━━ Input data ━━

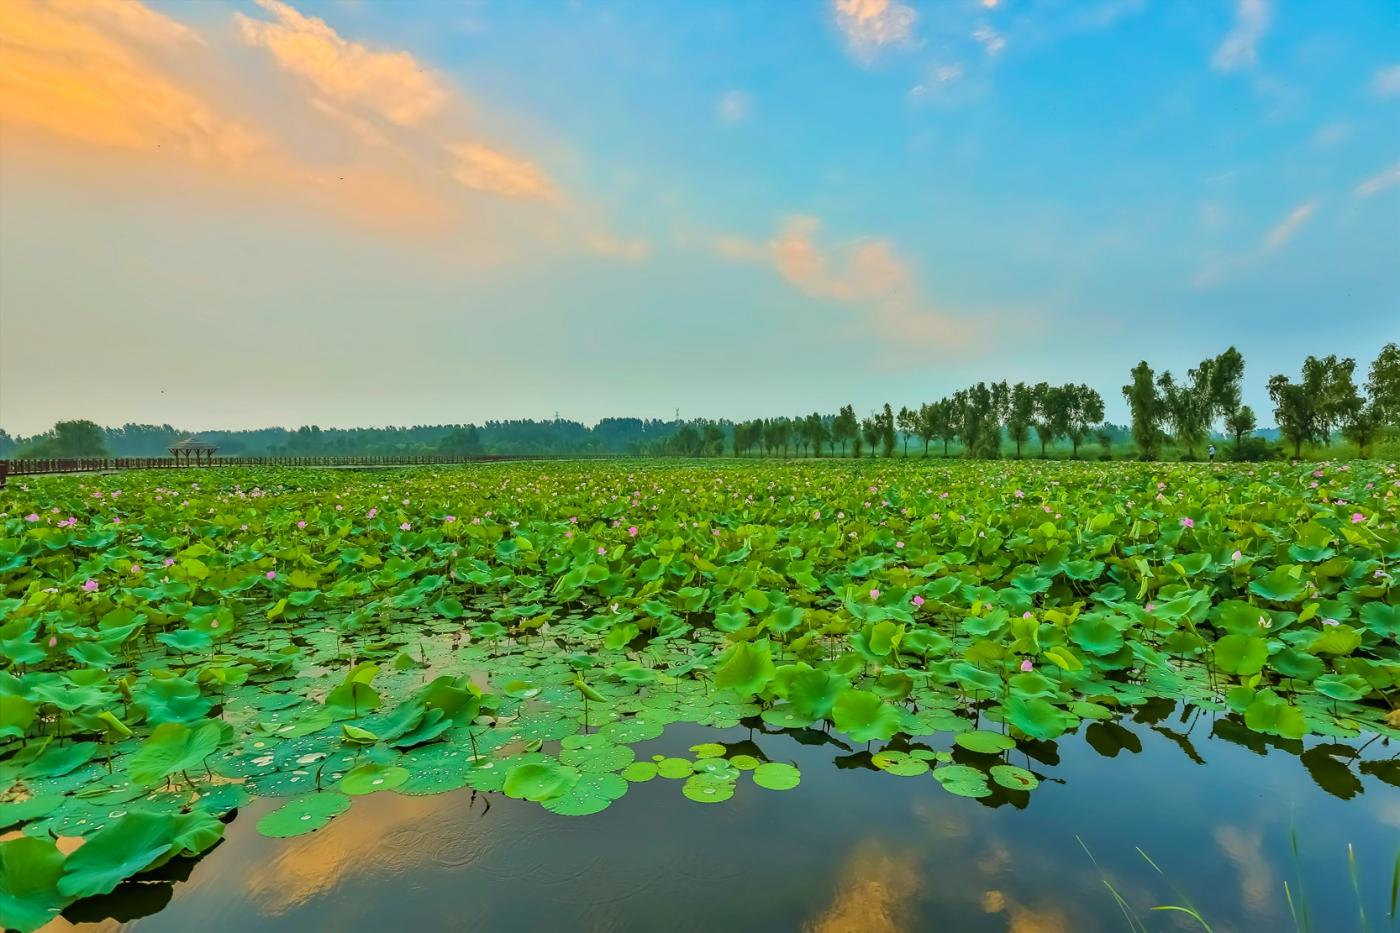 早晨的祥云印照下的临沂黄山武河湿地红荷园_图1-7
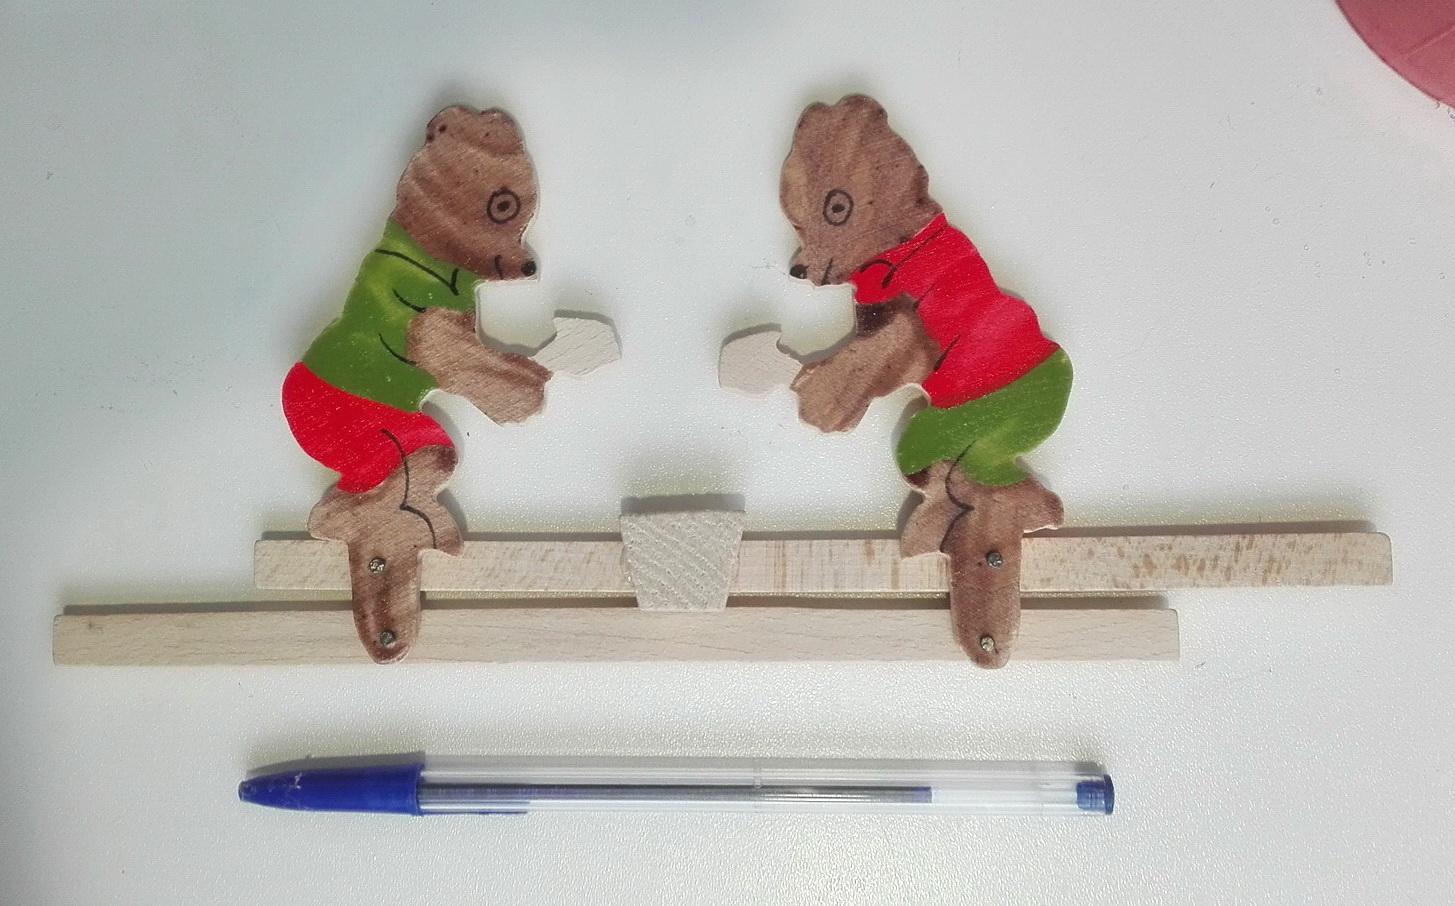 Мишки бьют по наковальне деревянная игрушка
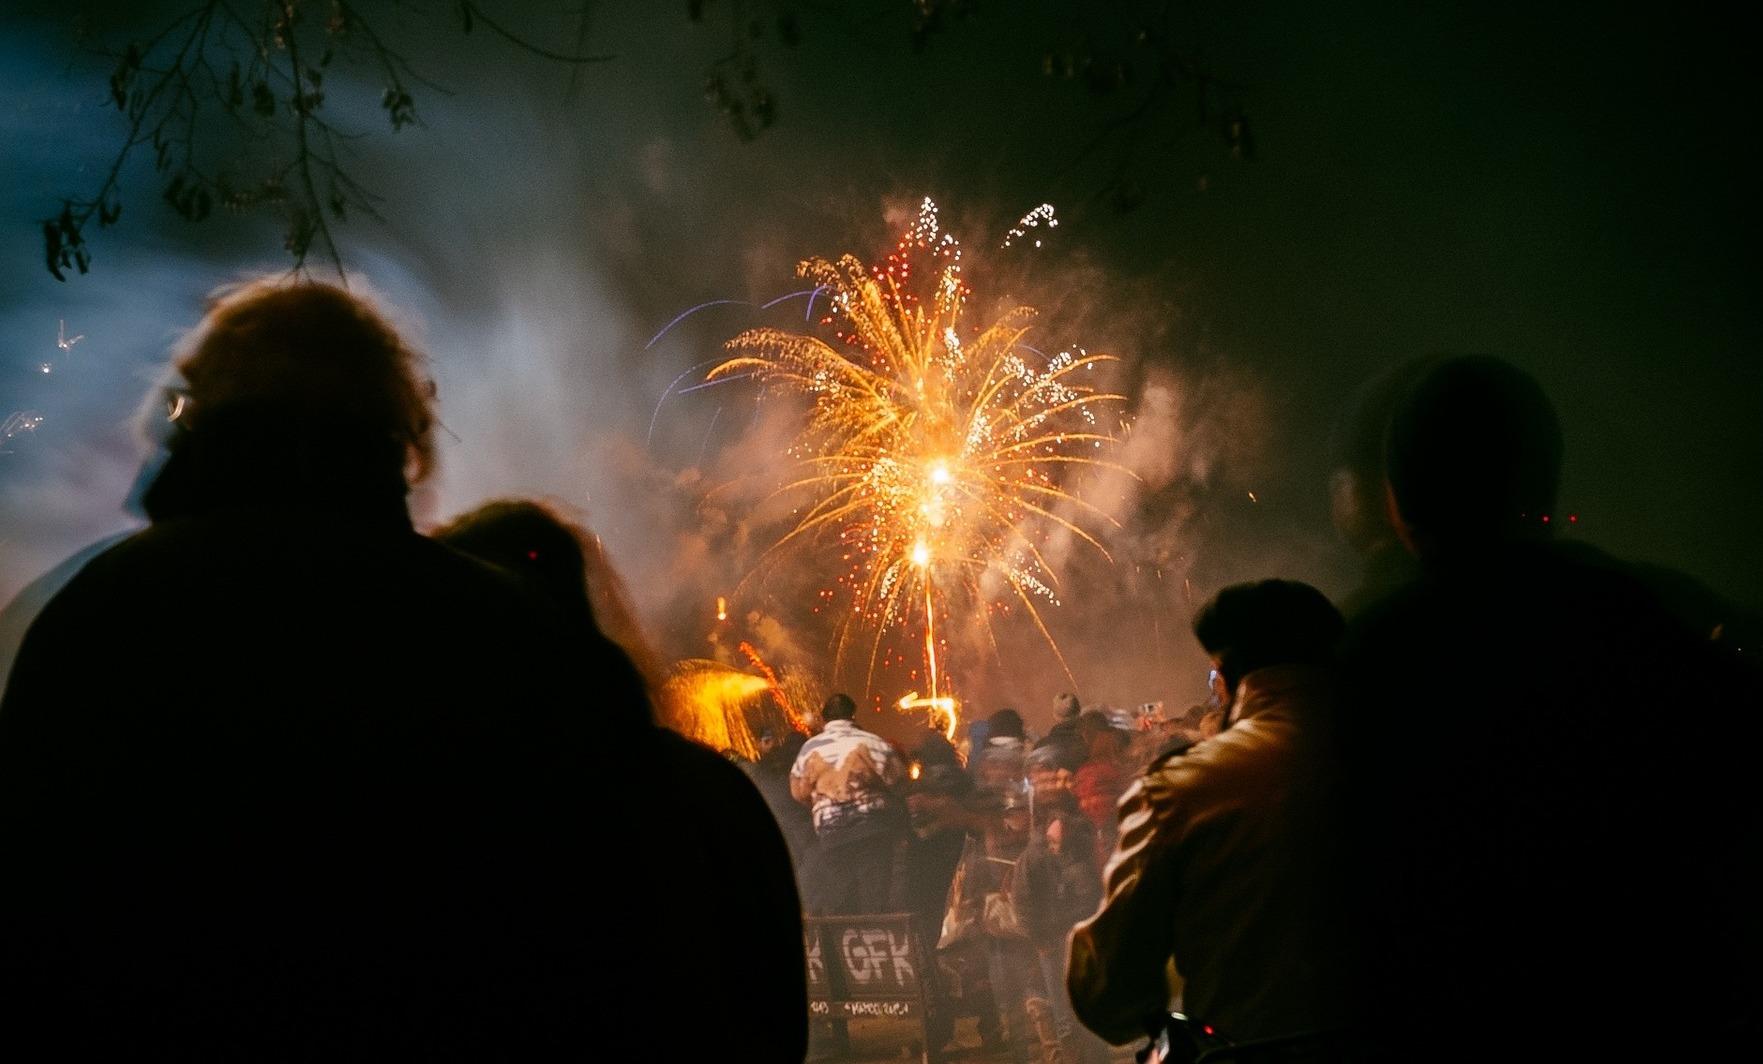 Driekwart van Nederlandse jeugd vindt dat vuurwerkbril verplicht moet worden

━━━
━━ Input data ━━

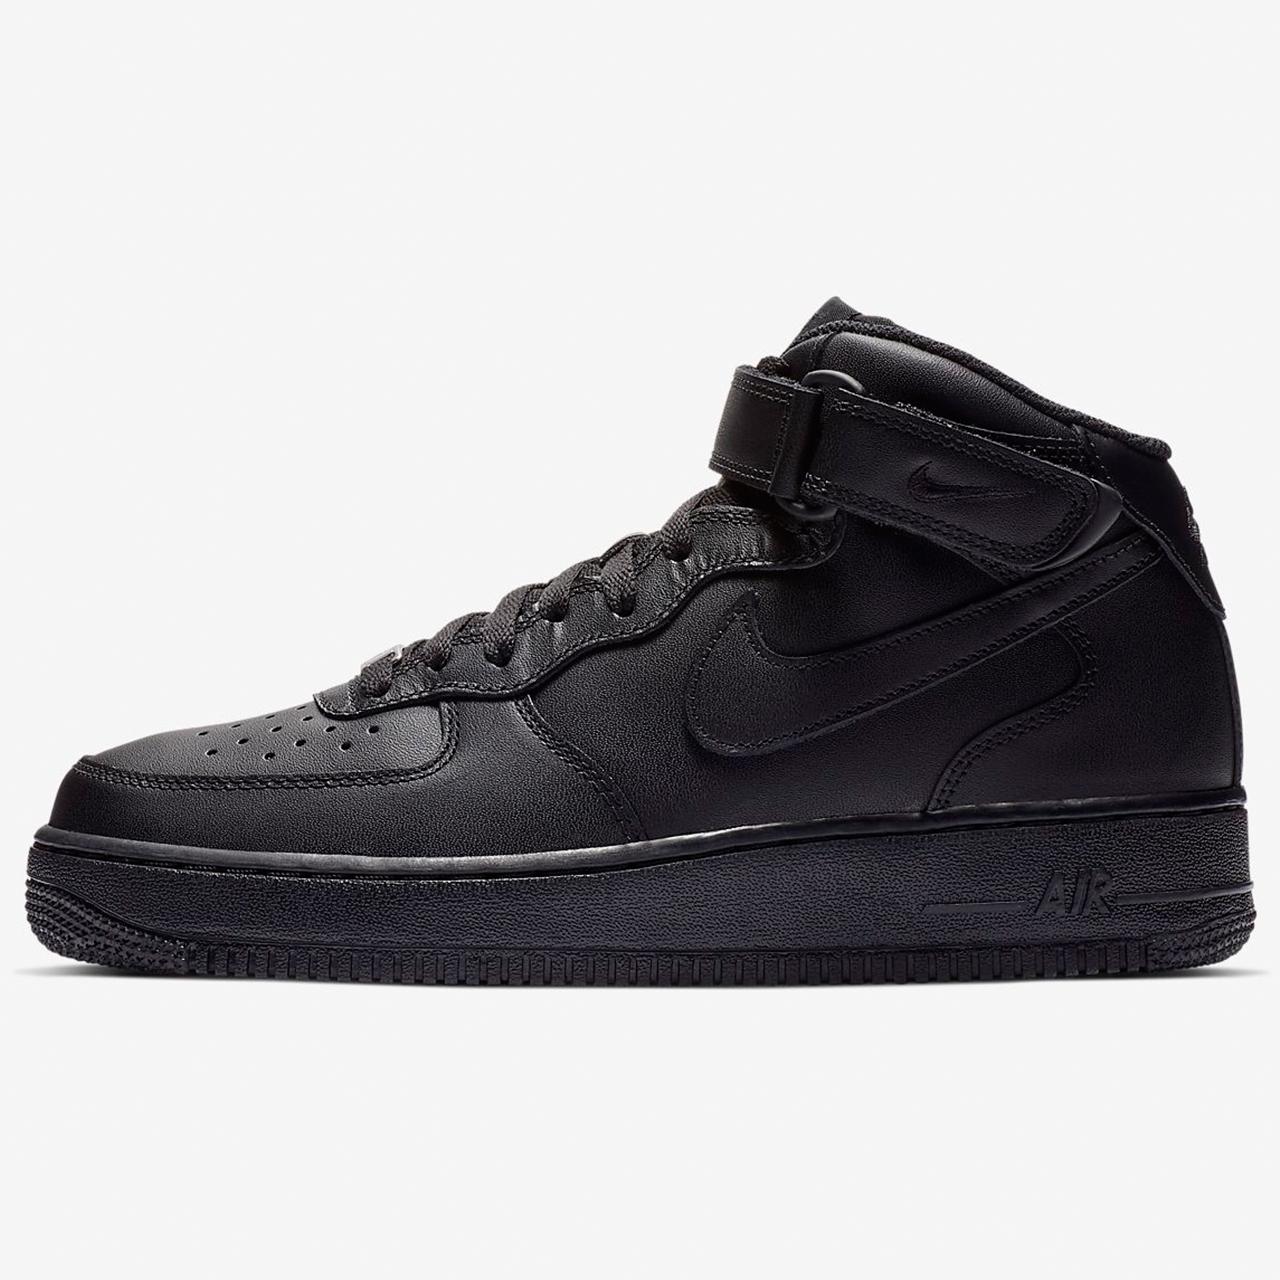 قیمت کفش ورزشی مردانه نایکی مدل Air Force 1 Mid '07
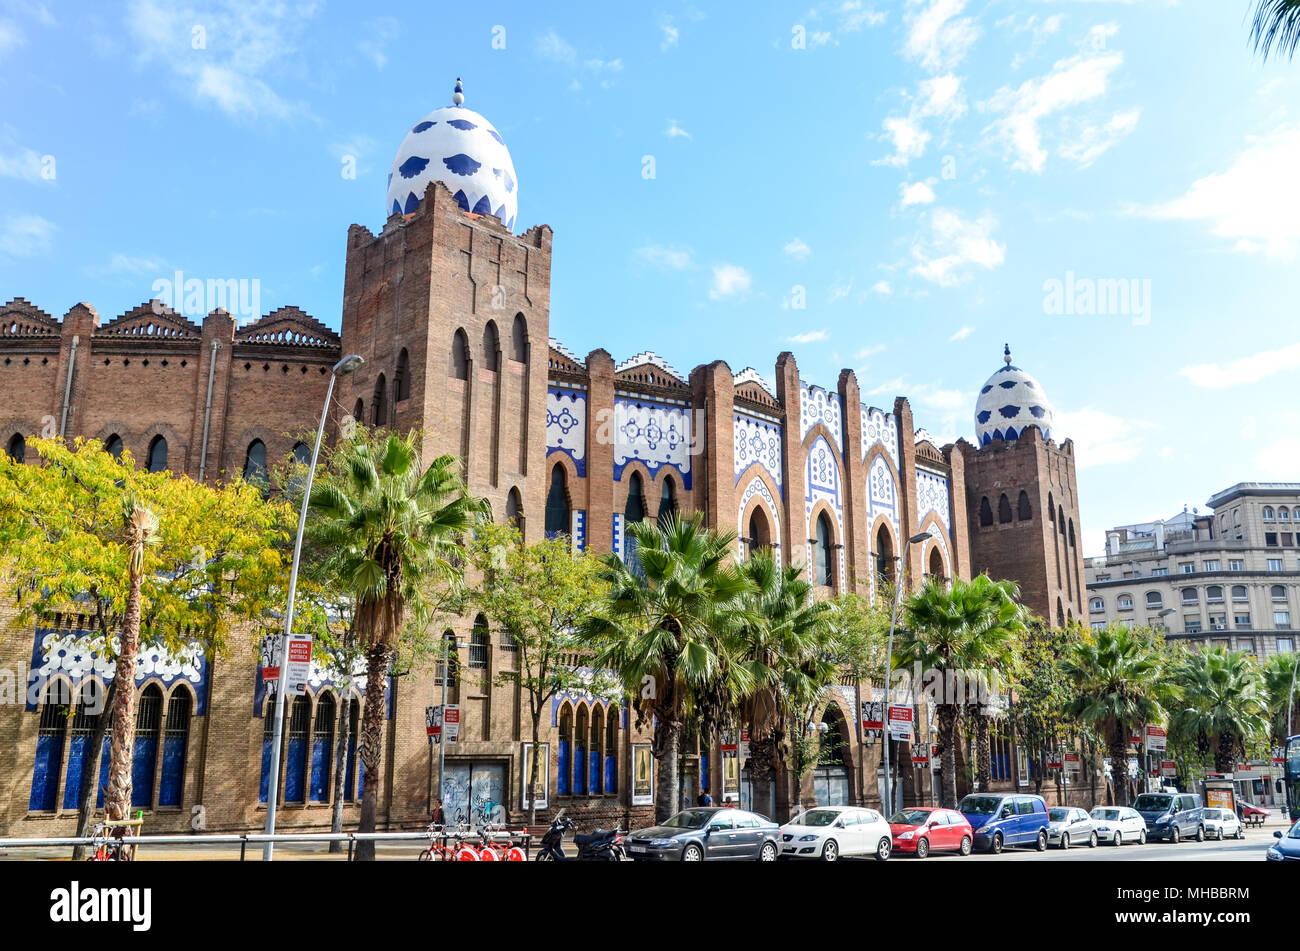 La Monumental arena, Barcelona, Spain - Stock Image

━━━

From the data above, return exactly the lines from the one with "Мишки бьют по наковальне деревянная игрушка" up to and including the one with "Driekwart van Nederlandse". Pictures do not go in the copy.

* Answer to this problem *
 Мишки бьют по наковальне деревянная игрушка
 Driekwart van Nederlandse jeugd vindt dat vuurwerkbril verplicht moet worden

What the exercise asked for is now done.